Out over the cliffs of North Cape I only had little over 400 miles to run so it was time to test the long range system. You can always calculate the “point of no return” variable with wind speed and direction or the exact halfway point with no need, whatsoever, of multiple thought processes, slide rules, drift calculations and the like. All you need is a good ear because, as sure as eggs are eggs, the old donkey will start to miss and run rough to tell you. For some reason, once the newly injected adrenalin has circulated the bloodstream for a few minutes and is now being broken down to give you the uncontrollable tremors, only then do the irregular beats and vibrations from the engine mysteriously drift away leaving you drained of energy and powers for reasoned thought.

Yes, this time she did better, the engine stopped.

No speed to height ….dive, dive, dive, keep the old fan turning as there was no option in this cumbersome survival suit to get out of the aircraft, stand on the wheel and hand swing….I was far to close to the water!

As, always, in cases of self preservation matters, forces for you come out of nowhere. Like, for example, when recently, the judge had ordered me to produce witnesses there and then, without due notice. Following the removal of a dead rat from my pocket, I thought his resting place appropriate being our local chamber for the cabal of corrupt lawyers, generally financed by the tax payer, there being no effective audit in the UK on such matters. I had swung round, near to panic to see who was in the well of the court …but that is another story for later.

I went for all fuel cocks on for each wing tank, mixture rich, throttle linkages and mag switches both on? No, only one mag on, possibly knocked off in the panic within such a cramped cockpit.

No “go juice” had to be the reason soon to be confirmed .

Once back in level flight, I decided to talk to the, always so friendly, passing airliners at 30,000 feet. I reached for my newly installed vhf only to find the first knob, needed for frequency change, was snapped off at the root and any time spent trying to change frequency with pliers from a multi knife was quite futile.

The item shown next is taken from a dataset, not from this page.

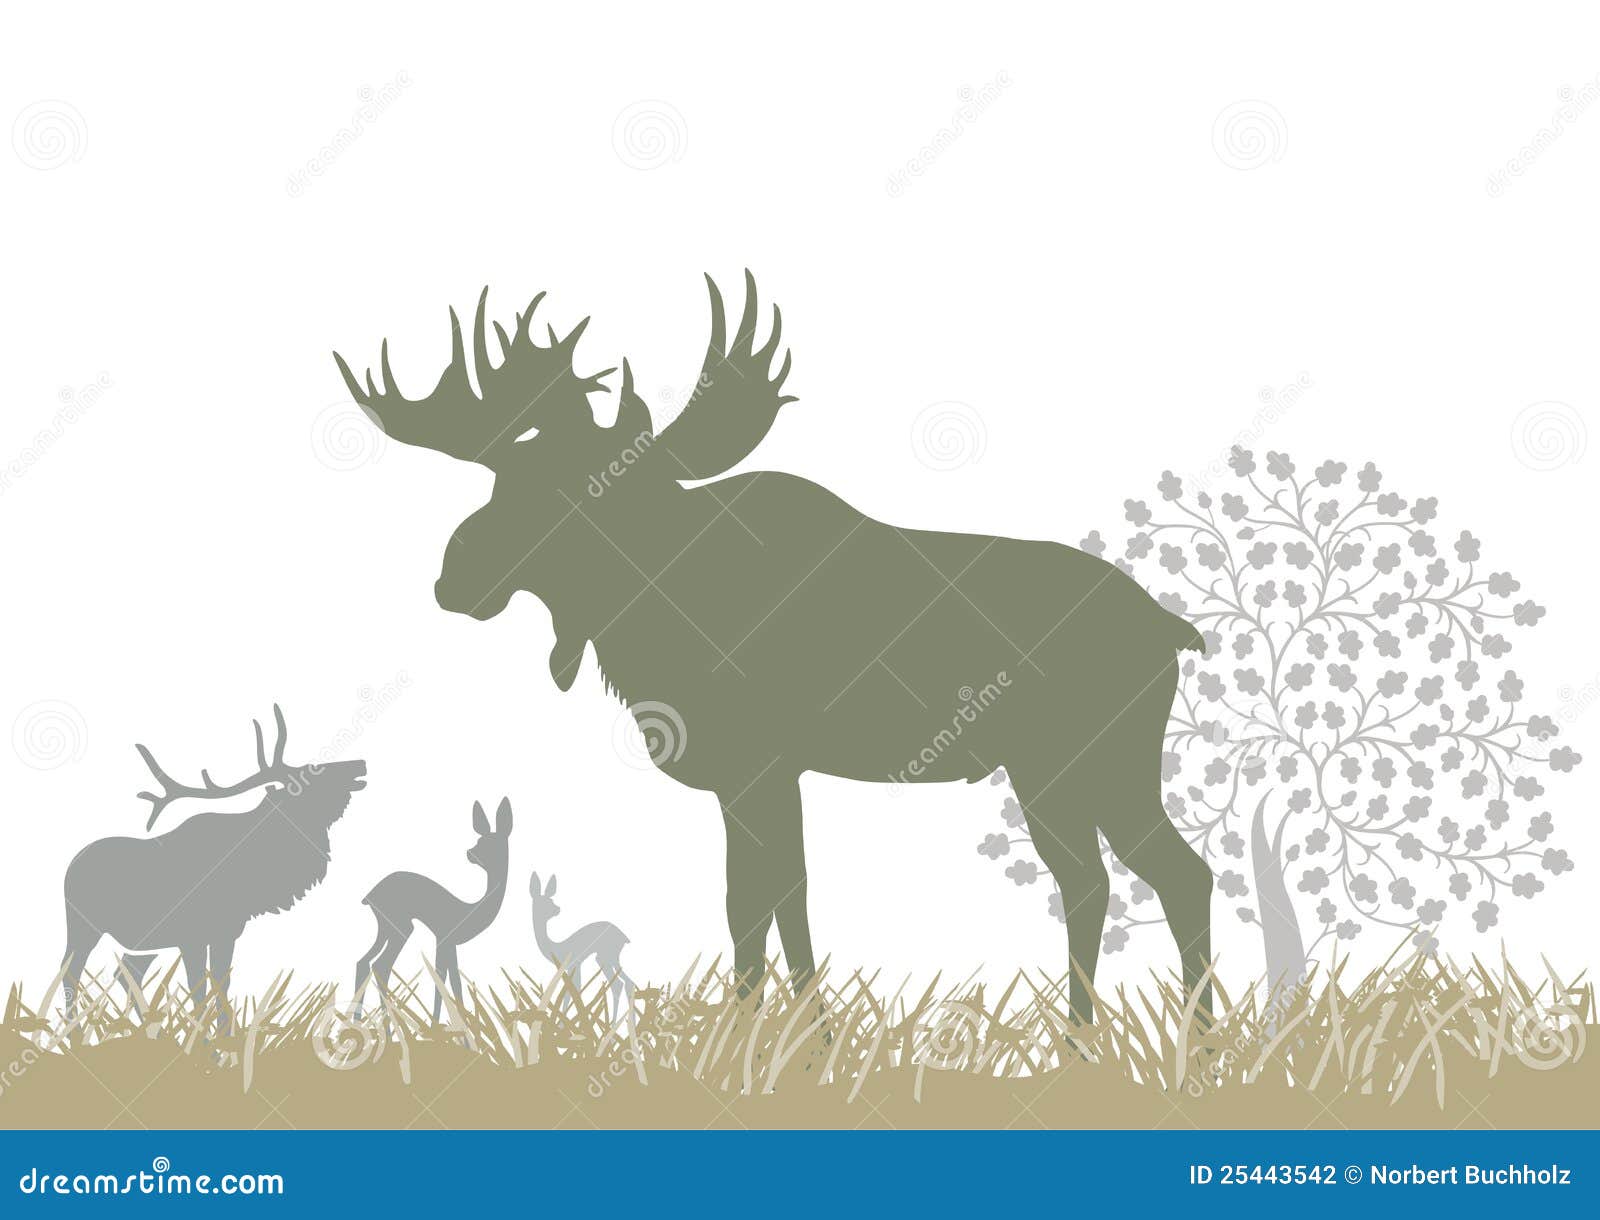 elk and deer by tree

WARNING to others…the cumbersome survival suit, making me look like Mr Michelin, and my total lack of physical strength caused me to be unable to reach the hand held that had slid away, on the floor. Nor could I reach to rectify an air lock, up front, in the long range fuel system. Power to the GPS terminated at that point leaving me well over a 100 miles to run. Intricate and methodical log keeping, together with a steady and reliable weather forecast for 5000 feet, allowed me, an hour and a half later, to just detect a silhouette of two islands to emerge out of the low status of cloud before me . There’s nothing worse than seeing an island that is not due to be there! This one was Norfolk Island, gracefully adorned with the many Norfolk Pines, so much admired by the first aviator to visit.